The Session of Highland Presbyterian Church drafted this statement in response to the violence, bigotry and hate on display in Charlottesville and other parts of the country during the past weeks. The statement draws on the mission statement of Highland Presbyterian Church that guides the vision of our congregation. The Session unanimously approved the statement at a special called meeting on the morning of August 20, 2017.

Statement

We are a church committed to sharing hope. We affirm that God created us all as part of a good creation. Anchored in this belief, we fundamentally reject the purpose, ideologies, rhetoric, and actions of racism, white supremacy, neo-Naziism, and hate that seek to diminish or repress the rights and personhood of others.
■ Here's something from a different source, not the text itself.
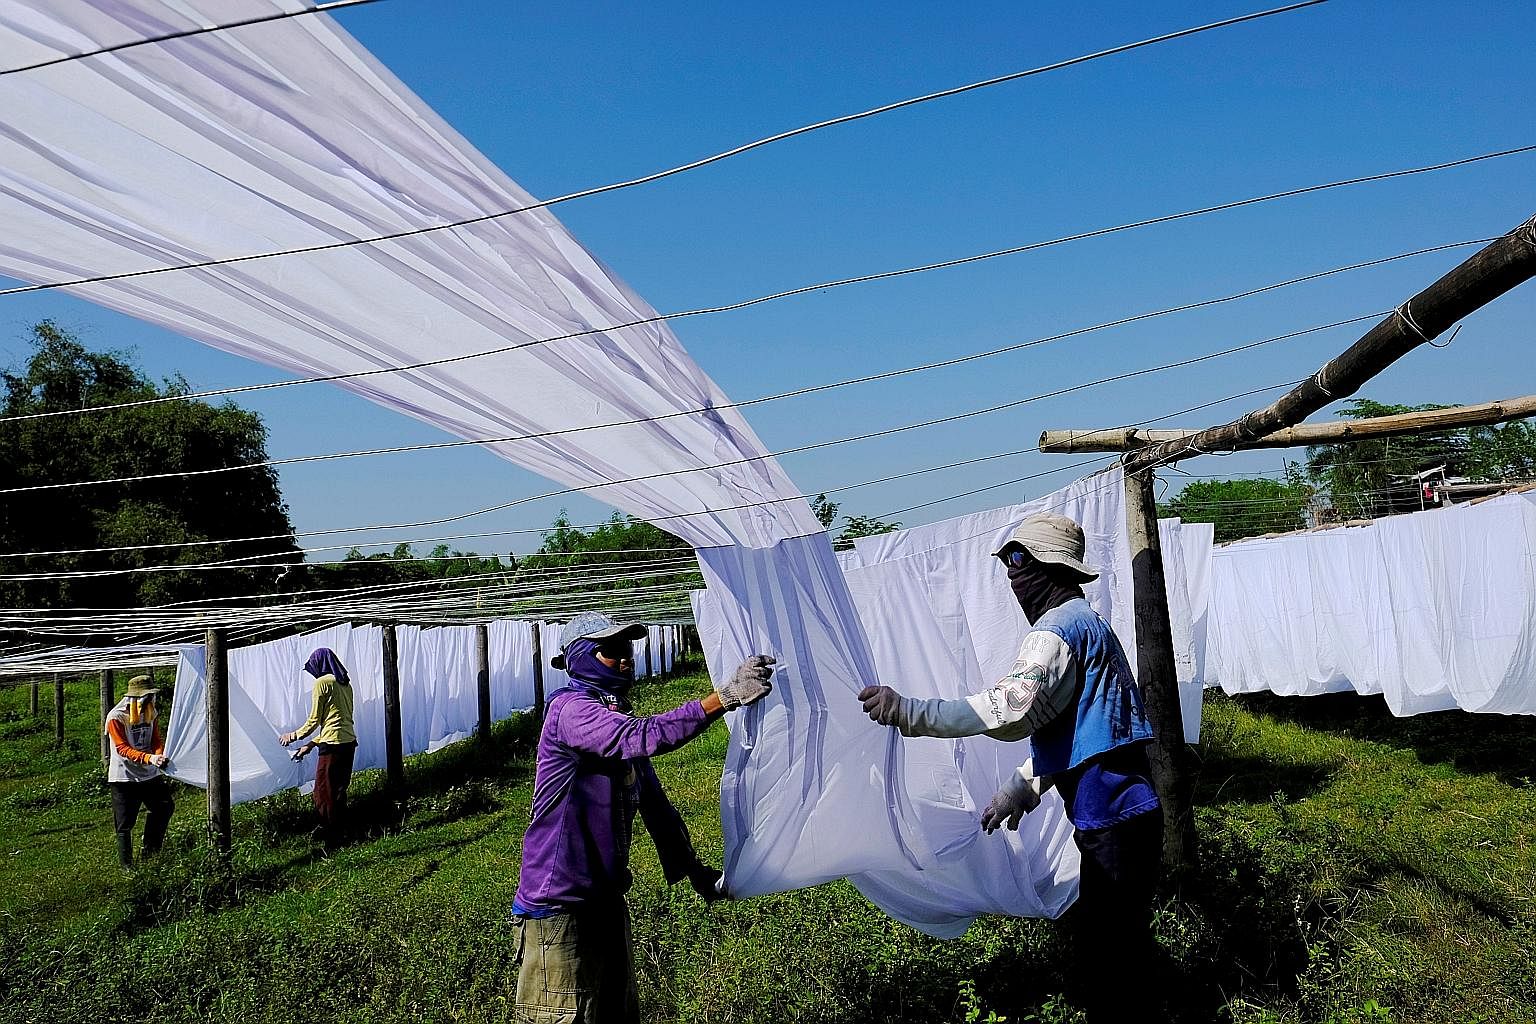 Workers at a textile factory in Solo, Central Java. Indonesia's labour-intensive industries such as textile and garment-making have been experiencing negative growth since the last quarter of 2014, while ceding ground to a more competitive Vietnam, w

Violence and bigotry defy the teachings of Jesus and spurn our Creator’s design. We are called to work for justice and to affirm the dignity of all of God’s people. We are called to guide our children, support our neighbors, comfort the troubled, soothe the suffering, and bless the dying. We eagerly join hands with others to share in this good work and in the hope of God’s love for all of creation.

September Reflection

This year, we are taking one phrase from our mission statement each month as a kind of  “theme” for emphasis and reflection. This month, as we begin the program year of education for children, youth and adults, it is appropriate that we reflect on how the Bible is our source of knowledge, inspiration and hope. When we use the word “inspired,” we mean it in two ways. First, our creeds and confessions say that the Bible is the “inspired” Word of God. This means that the Bible is both the product of human authors, editors, scribes and translators, and the work of the Holy Spirit. Presbyterian Christians argue that the authority of the Bible lies not in the words on the page but with the Holy Spirit who not only inspired the authors but inspires us as readers today.

 

“We are a community of faith inspired by biblical teachings.”

 

Second, not only is the text inspired, we are supposed to be inspired by reading and hearing the scriptures. The problem is that many people don’t experience the Bible as inspiring. Some have experienced the Bible as a weapon used against them: “behave this way, or else….” “Believe this, or else….” Obviously, the Bible contains principles, values, and rules for living. But when people use it primarily as a way to condemn others, the Bible itself is being abused, because its purpose is to bring life not death, hope not fear, joy not anxiety.